従来も、社内の労働者を対象としたセクハラ防止義務は存在していましたが(雇用機会均等法11条1項)、雇用関係にない求職者等を対象とするセクハラ防止義務は存在せず、「事業主が職場における性的な言動に起因する問題に関して雇用管理上講ずべき措置等についての指針」1(以下「セクハラ防止指針」といいます)において、事業主は就職活動中の学生等の求職者に対してもセクハラを行ってはならない旨の方針を示すことが望ましいとされていたに留まりました。
今回の法改正により、方針を示すことの推奨にとどまらず、相談体制の整備等の具体的な措置を講じることが事業主の法的義務とされたことになります。
「求職者等」の定義
就活セクハラ防止措置の保護対象となる「求職者等」とは、以下のとおりとされています(改正雇用機会均等法13条1項、改正雇用機会均等法施行規則2条の3)。
- 求職者
- 事業主の実施する労働者の採用に資する活動に参加する者
- 教育実習、看護実習その他の実習を受ける者
そのため、いわゆる就職活動中の者に限らず、インターンシップ生や実習生等、対象が広い点に注意が必要です。

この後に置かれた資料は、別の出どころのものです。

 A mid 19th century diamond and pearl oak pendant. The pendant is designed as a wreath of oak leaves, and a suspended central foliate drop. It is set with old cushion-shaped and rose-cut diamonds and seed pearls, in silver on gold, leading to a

「内定者」については、採用内定の法的性質が事案により異なるため、一概に判断することはできませんが、いわゆる「始期付きの解約権を留保した労働契約」が成立しているとみられる事案(採用内定通知のほかには労働契約締結のための特段の意思表示をすることが予定されていない事案)については、既に労働契約が成立していると認められるため、当該採用内定者は、社内の労働者に対するセクハラ防止措置の対象になると考えられます。

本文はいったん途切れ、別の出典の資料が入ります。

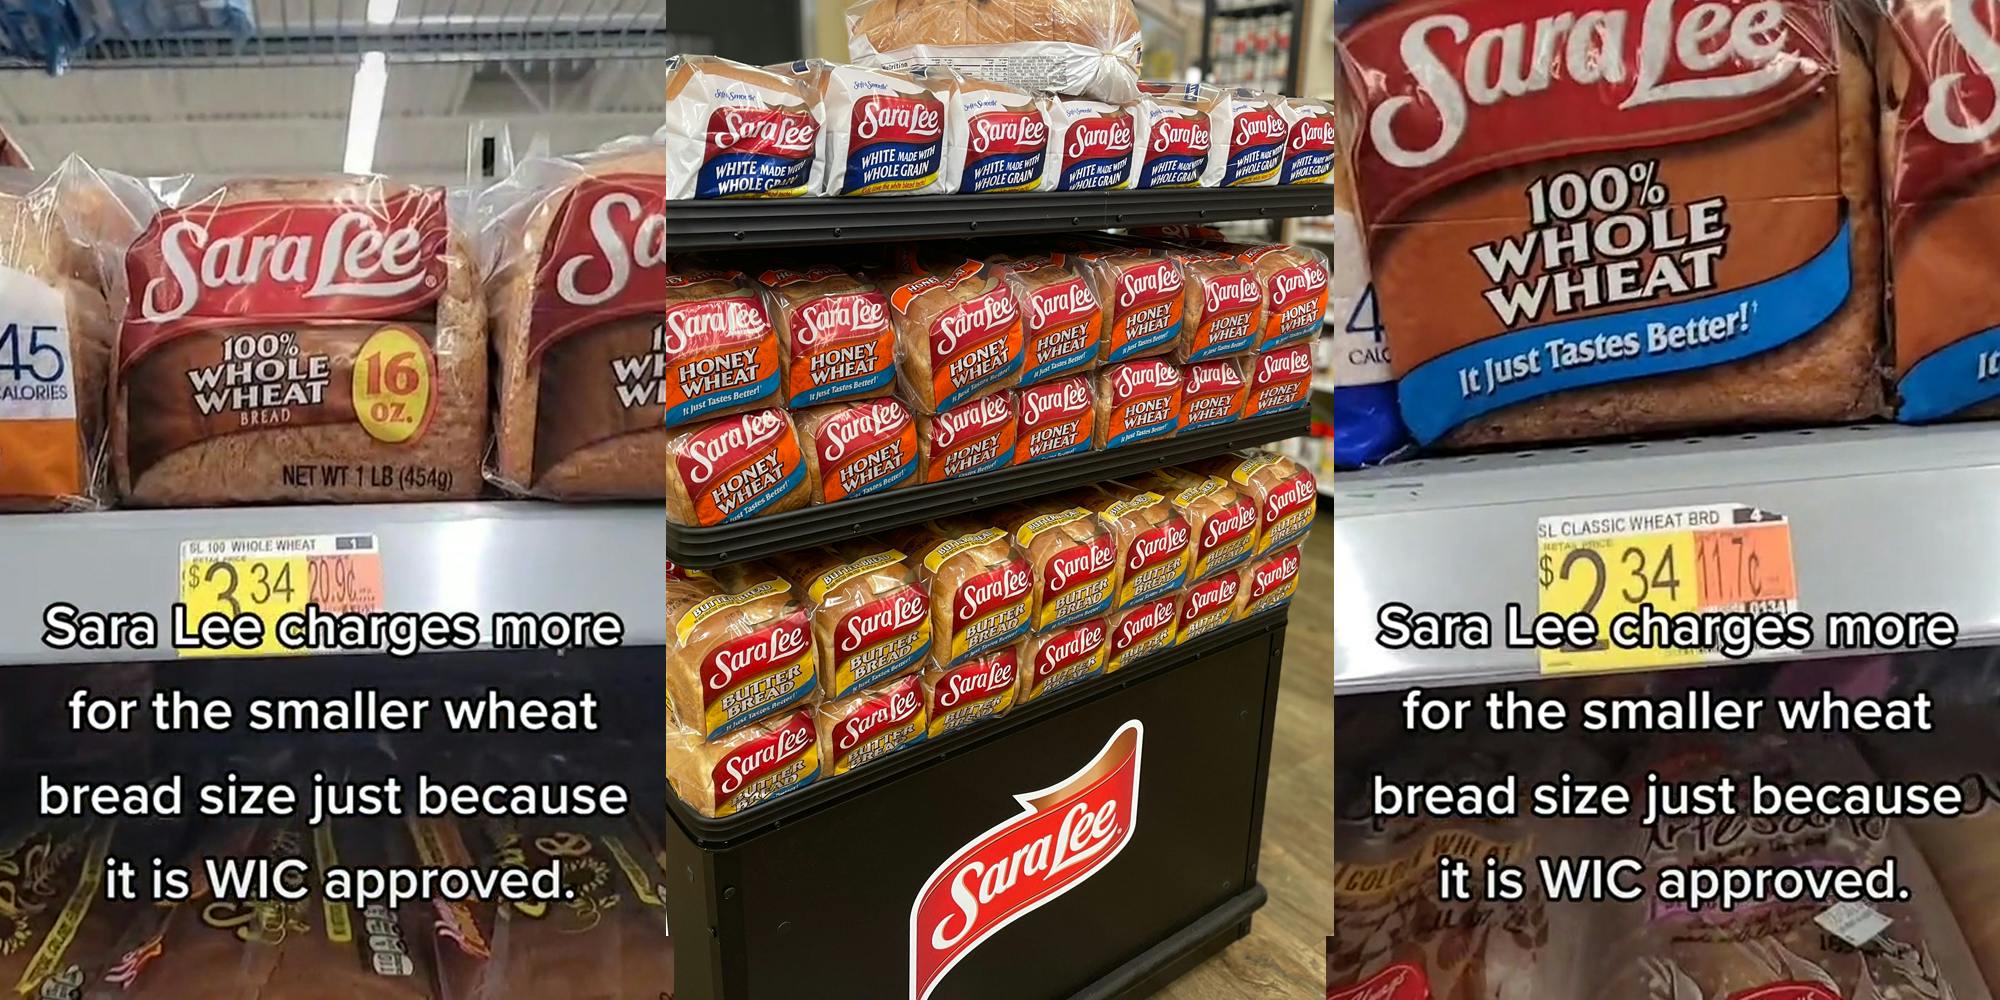 Sara Lee bread on shelf with caption "Sara Lee charges more for the smaller wheat bread size just because it is WIC approved." (l) Sara Lee bread on display (c) Sara Lee bread on shelf with caption "Sara Lee charges more for the smaller wheat bread size just because it is WIC approved." (r)

他方、採用内定のみでは労働契約が成立していると認められない場合は、当該採用内定者も「求職者等」に該当し、就活セクハラ防止措置の対象となると考えられます 2。いずれにしても、内定者を対象としたセクハラ防止措置を講じなければならないことは同じです。
就活セクハラ防止措置の対象

「求職活動等」の定義
就活セクハラの対象となる「求職活動等」とは、いわゆる採用面接や就職説明会に限られません。いわゆるOB・OG訪問や、インターンシップへの参加、実習への参加も含まれます。
また、場所も社内に限定されるものではなく、OB・OG訪問を行うための飲食店、就職説明会を行うための貸会議室や学校のキャンパスなども含まれます。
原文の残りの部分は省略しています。